For the first time, researchers at New York University have successfully transplanted a genetically engineered kidney from a pig into a human patient. This is a remarkable milestone as animal organs have traditionally been rejected by humans. The development could play a critical role in the treatment of the 100,000-plus patients awaiting organ donation in the United States. We also explore a gene-editing breakthrough in children with a rare immune disorder, the U.S. Food and Drug Administration’s proposal to expand hearing aid access to millions of Americans, thoughts for clinical trial executives on reducing the cost of decentralized clinical trials, and artificial intelligence in breast cancer screening.
Each week we highlight five things you need to know about in the life sciences industry. Here’s the latest.
Gene-edited pig kidney successfully implanted in human
Xenotransplantation of animal tissues into humans has the potential to improve or save the lives of countless patients on organ transplant lists. In the United States alone, over 100,000 people are waiting for an organ (90,000 need a kidney), and through September, only 31,000 transplants have been possible. But findings from a new research surgery have the potential to alleviate this situation. Surgeons were able to successfully transplant a genetically modified kidney from a pig into a human patient; the organ began functioning immediately and was not rejected during the study. To be clear, the transplant took place on a patient with no brain function, on life support and was only monitored for 54 hours. However, because of incompatibility of the human immune system with non-human tissues, transplants have historically been rejected very quickly. In this instance the pig kidney had been genetically modified to eliminate the enzyme that triggers rejection.

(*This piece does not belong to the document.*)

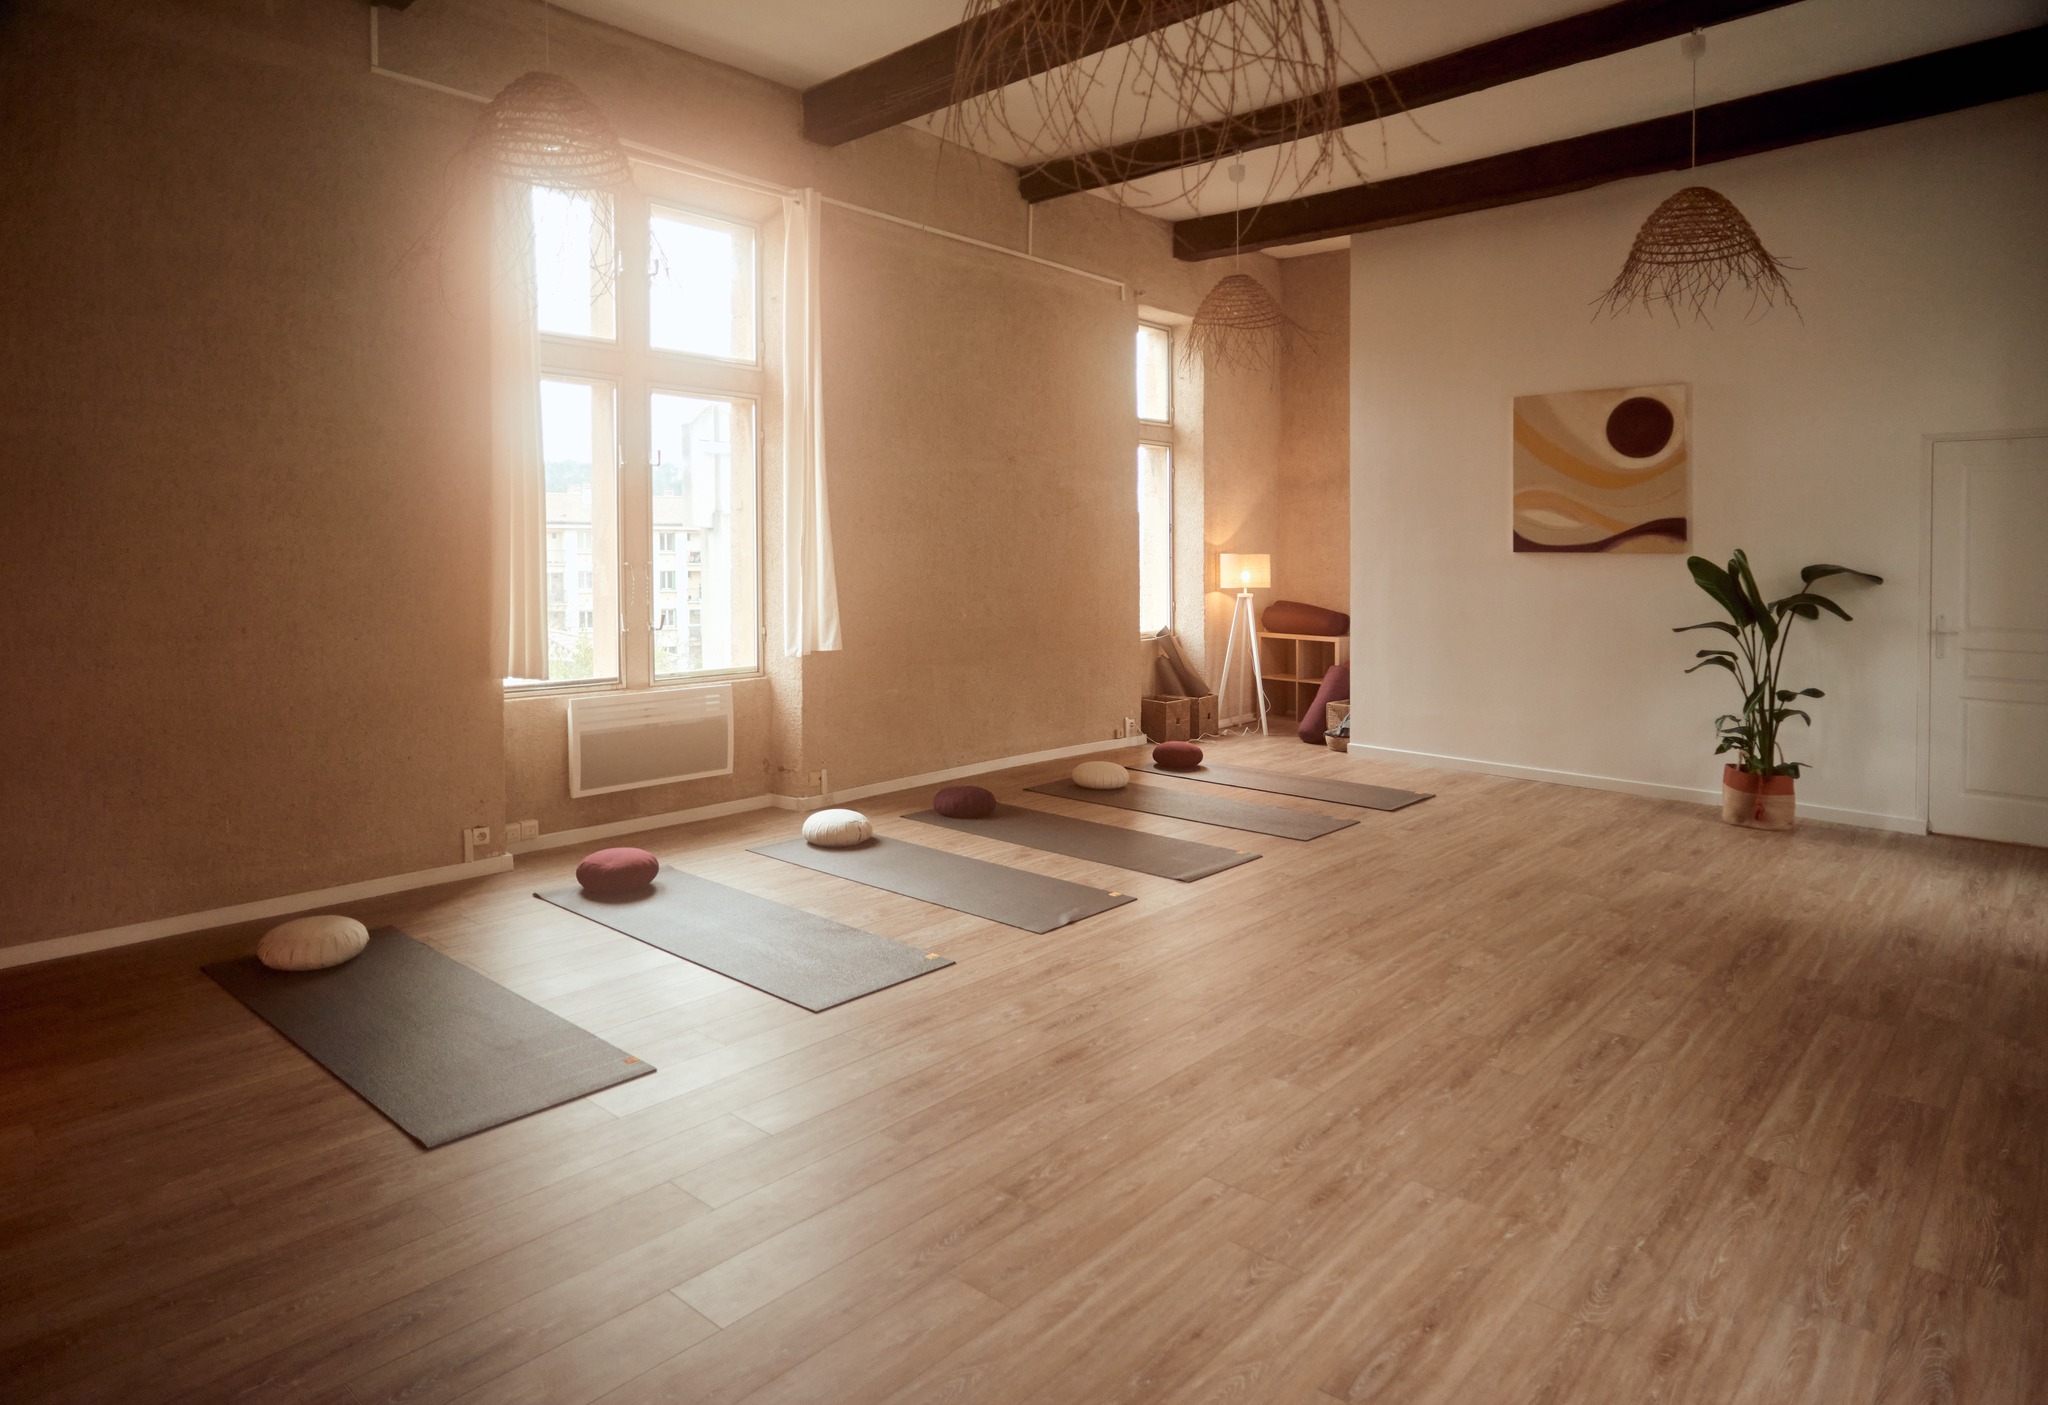 My beautiful new yoga studio!

Children born with deadly immune disorder remain healthy 11 years later
Eleven years ago, researchers at UCLA began using gene therapy to treat an immune disorder in children known as ADA-SCID, or adenosine deaminase-deficient severe combined immunodeficiency. The researchers removed blood-forming stem cells from each child’s bone marrow, then used a specially modified virus, originally isolated from mice, to guide healthy copies of the ADA gene into the DNA of the stem cells. They then transplanted the cells back into the children’s bone marrow. At the time, researchers did not know the success the treatment would have. Eleven years later and in a promising success, nine of the 10 children treated are experiencing restored immune function.
FDA issues proposal to improve access to hearing aid technology
According to a release from the FDA, approximately 15% of American adults (37.5 million) age 18 and over report having some trouble hearing. Even so, only about one-fifth of this population uses a hearing aid. Following the Biden administration’s July executive order on Promoting Competition in the American Economy, the FDA issued a proposal intended to improve access to hearing aids and lower their cost through the creation of an over-the-counter hearing aid category.
Decentralized clinical trials offer cost savings
Clinical trial executives often evaluate trial design with patient centricity at the forefront. Costs receive less scrutiny than items affecting the patient experience, resulting in persistent opportunities related to cost reduction in the decentralized clinical trial model. This article explores shifts in thinking that may help executives pinpoint those cost-reduction opportunities while maintaining a patient-centric experience.
AI is helping to make breast cancer history
October is Breast Cancer Awareness Month, and while significant advances in screening, detection and treatment have happened over the last several decades, about 700,000 women globally still die every year from the disease. Early detection and access to health care have greatly improved outcomes, but the pandemic has introduced a new set of challenges for preventative medical treatment: an overall decrease in frequency of non-emergency care; a growing backlog of necessary treatments and procedures; and depleted health systems. In the United Kingdom alone, the National Health Service said that it would need 2,000 more radiologists just to clear the backlog of scans and keep up with growing demand. To augment the capacity of health care providers and support better patient outcomes, AI is being developed and deployed in a multitude of ways, several of which are specifically targeted at breast cancer.
The NHS has secured funding to study how AI can be used to screen for breast cancer, and startups are also leveraging AI to increase the rate and accuracy of traditional screenings, as well as to develop new low-cost and less-technology-reliant methods to bring access to rural and low-income populations. Additionally, a cancer hospital in France has developed AI that can identify four out of five cases at high risk of relapse, an important step in reducing a cancer that persists in one in 10 patients. While there is still work to do, innovations such as these are a promising development in the fight against cancer.